Сусанна Георгиевская - Отрочество
Сын отдавался занятиям как одержимый и ненавидел все, что его отвлекало хотя бы ненадолго: обед, чай, звук телефонного звонка, мяуканье кошки. В последний месяц он даже по воскресеньям не стал читать своих любимых книг. Подходил к полке, снимал «Приключения доисторического мальчика», вздыхал и ставил книгу на прежнее место.
Потом. Не сейчас. Весной.
У Дани была хорошая зрительная память. Он знал это и, готовясь к уроку английского, стал записывать слова на вырванном из черновой тетради, согнутом пополам листке. На одной половине листка он писал русские слова, на другой половине — то же самое по-английски. Английское слово Даня переписывал по пятнадцати раз. Выводил его печатными буквами — раз, два, три, семь, десять, пятнадцать…
Не веря себе, не смея обрадоваться, он проверял себя снова и снова, отгибая исписанный листок. Нет, все в порядке. Запомнил точно. Теперь слово встанет огненными знаками даже в ночной темноте. Он помнит. Можно было уснуть спокойно.

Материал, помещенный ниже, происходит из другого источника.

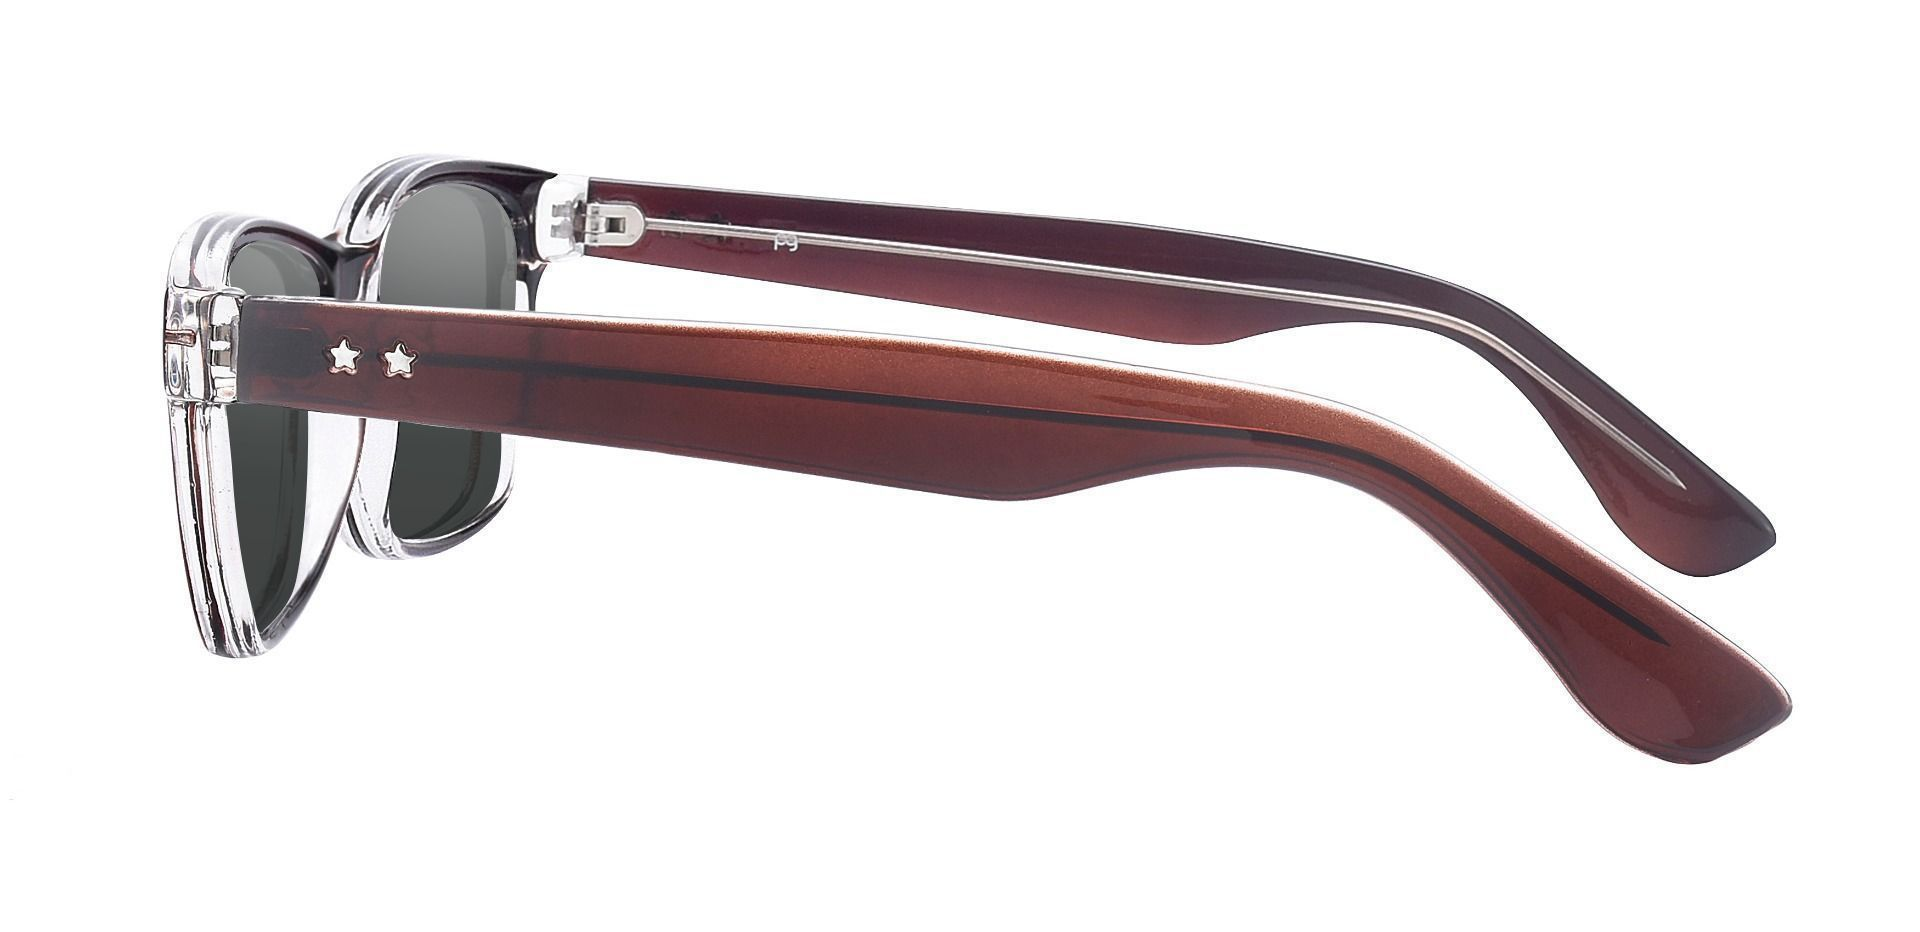 Cochran Rectangle Prescription Sunglasses - Brown Frame With Gray Lenses

Почерк у Дани был отчаянный. Буквы сильно напоминали мух, в беспорядке расползающихся по липкой бумаге. Слова заканчивались нетерпеливыми закорючками. Клякс в тетради было столько, что можно было предположить, будто над ней прошел чернильный дождь.

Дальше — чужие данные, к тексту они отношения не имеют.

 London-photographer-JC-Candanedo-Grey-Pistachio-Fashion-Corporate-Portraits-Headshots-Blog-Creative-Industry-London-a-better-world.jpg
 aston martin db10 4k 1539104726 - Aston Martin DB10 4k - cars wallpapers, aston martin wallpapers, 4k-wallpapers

И вот, отправившись однажды в писчебумажный магазин и помявшись несколько у прилавка, Даня потребовал тетрадь в косую линейку.
— Для братишки! — сказал он небрежно, хотя никто не спрашивал, для кого он покупает тетрадь.
— У вас опять ввели чистописание? Очень правильно, — сказал отец.
Сын молчал.
Помолчал и старший Яковлев. И вдруг он повторил спокойно и серьезно:
— Ну что ж, очень правильно, сынок.
Странное дело: взобраться на эту скользкую гору оказалось легче, чем мальчик предполагал. Но зато, взобравшись на нее, было страшно как-нибудь ненароком опять соскользнуть вниз. Страшно потерять только что завоеванное доверие окружающих.
Даня видел, как менялось что-то в отношении к нему учителей и товарищей. Сперва они удивлялись.
— Вот видите, Яковлев, когда хотите — можете, — говорили учителя.
— Данька, да ты что, с ума сошел! Смотрите, как он переписал домашнее — красным и синим подчеркнул! — говорили ребята.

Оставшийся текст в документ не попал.